**Recorded data**

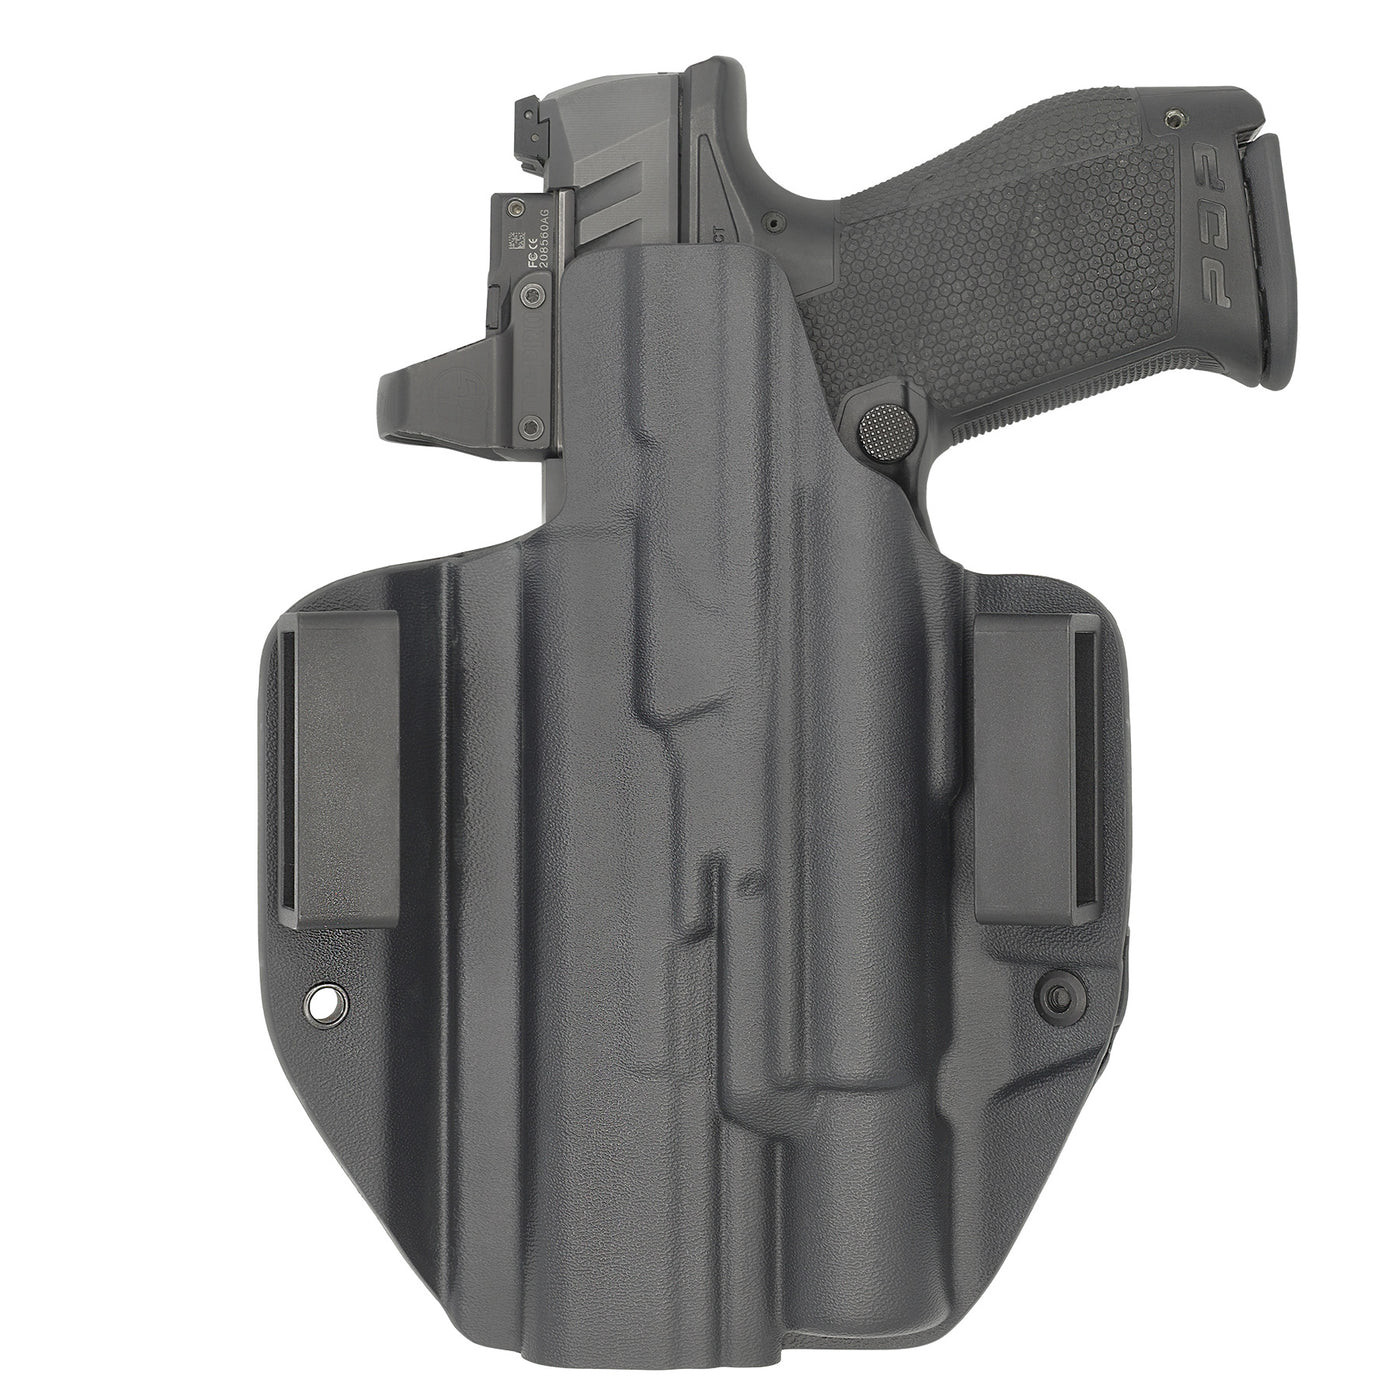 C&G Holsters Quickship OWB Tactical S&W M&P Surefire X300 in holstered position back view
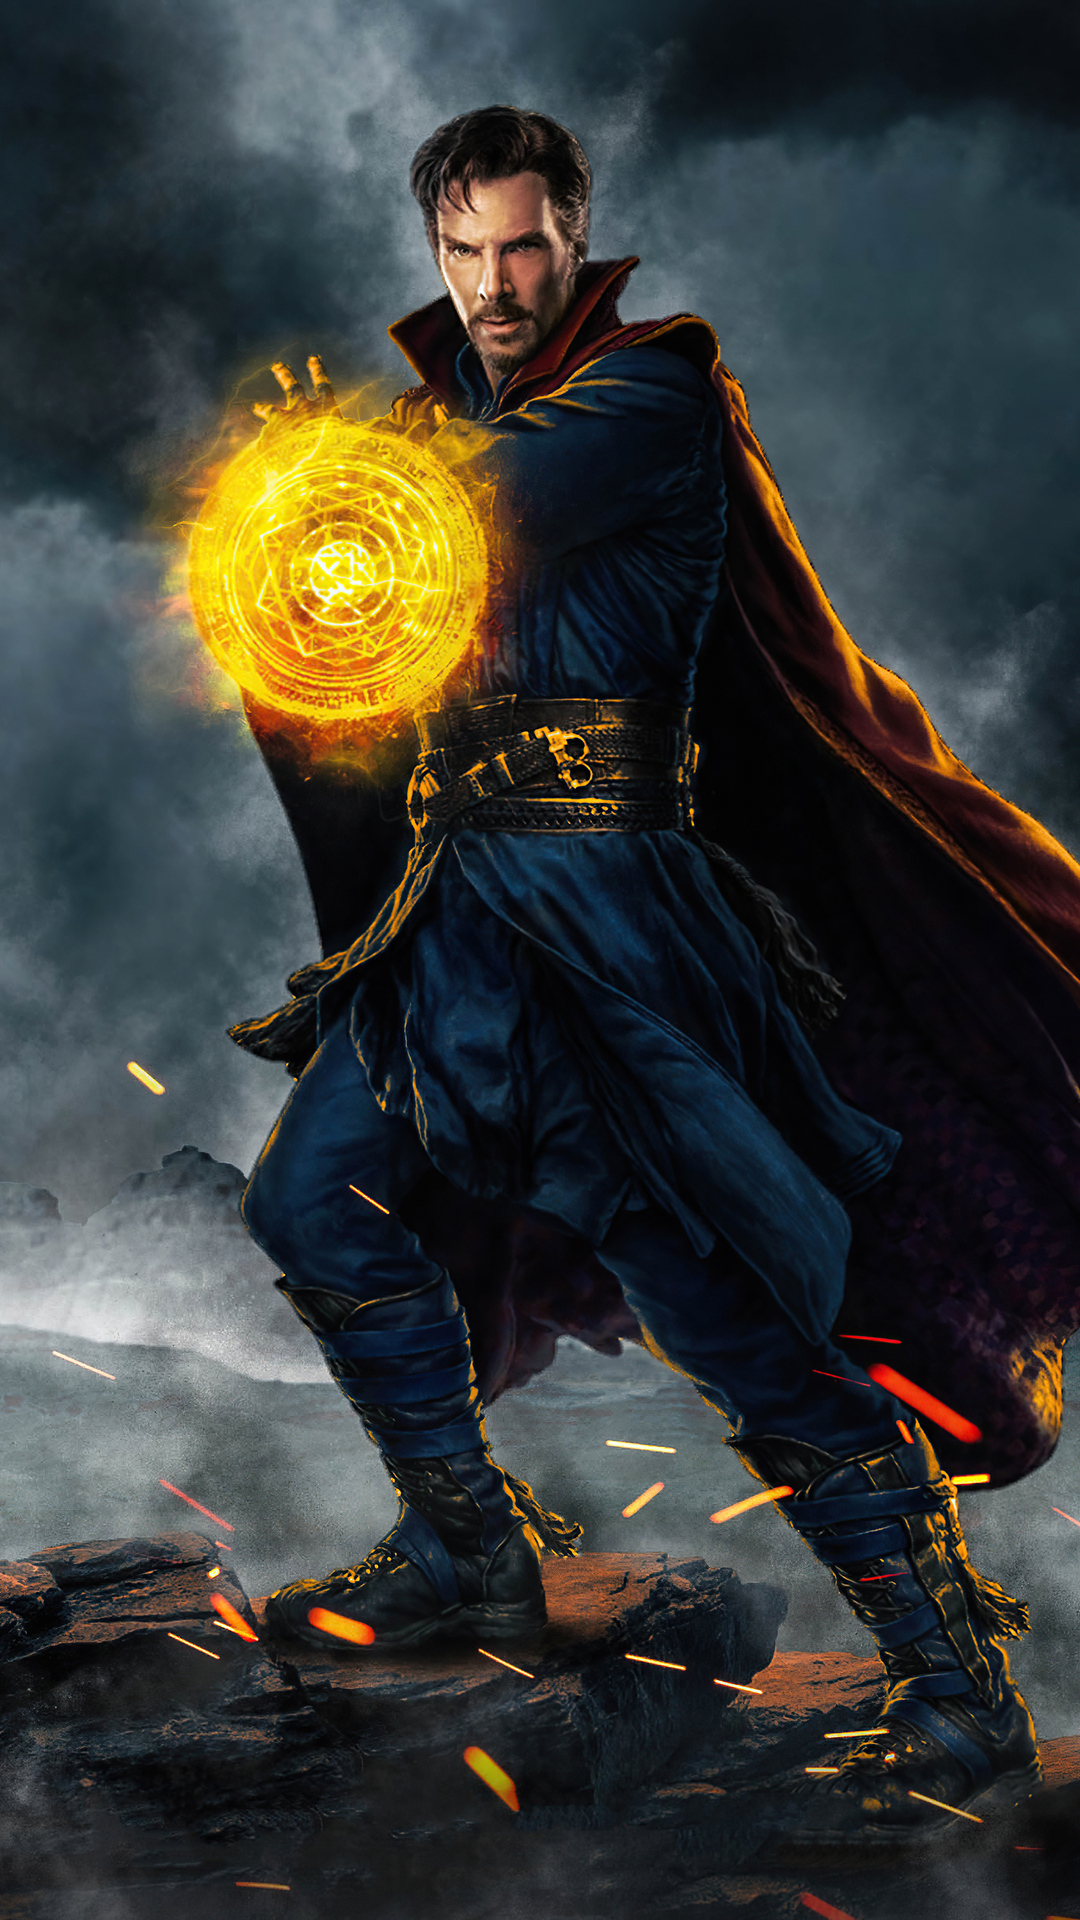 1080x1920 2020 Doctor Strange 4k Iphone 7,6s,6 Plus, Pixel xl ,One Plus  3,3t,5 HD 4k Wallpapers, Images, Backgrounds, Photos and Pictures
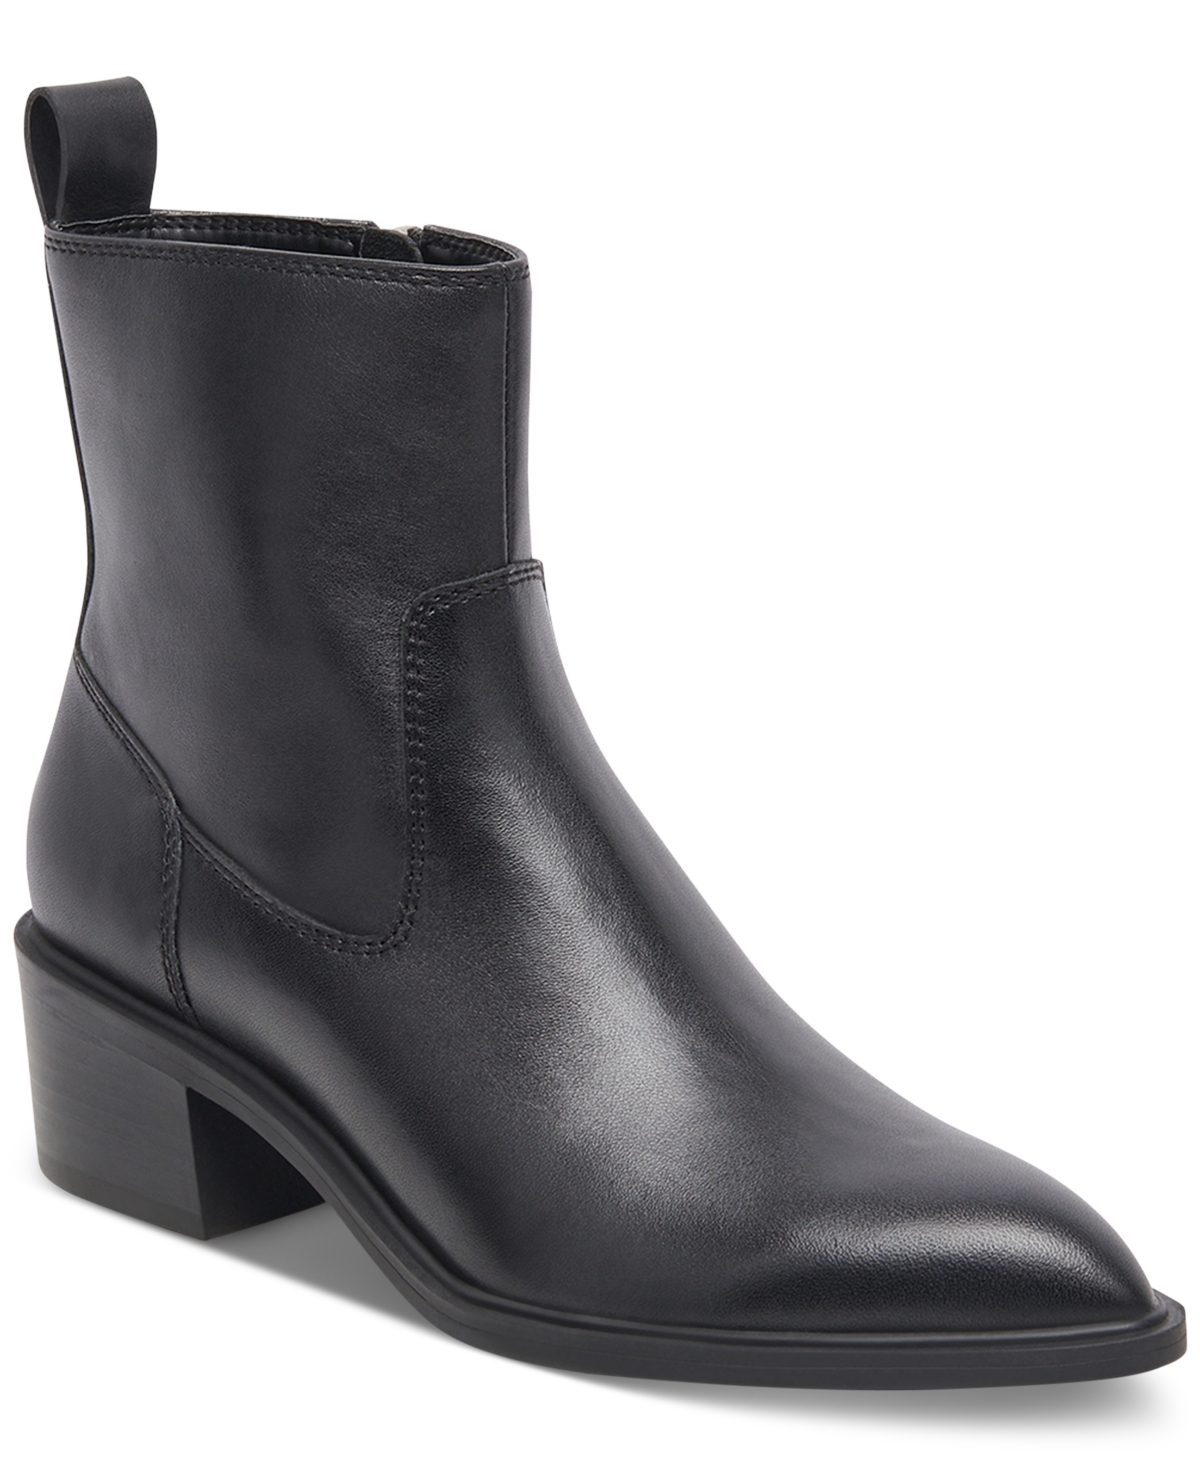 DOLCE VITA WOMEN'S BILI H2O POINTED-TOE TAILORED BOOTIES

**What you need to do**
Reproduce the lines above exactly, please, but not the pictures in them.

**Answer section**
 C&G Holsters Quickship OWB Tactical S&W M&P Surefire X300 in holstered position back view
 1080x1920 2020 Doctor Strange 4k Iphone 7,6s,6 Plus, Pixel xl ,One Plus  3,3t,5 HD 4k Wallpapers, Images, Backgrounds, Photos and Pictures
 DOLCE VITA WOMEN'S BILI H2O POINTED-TOE TAILORED BOOTIES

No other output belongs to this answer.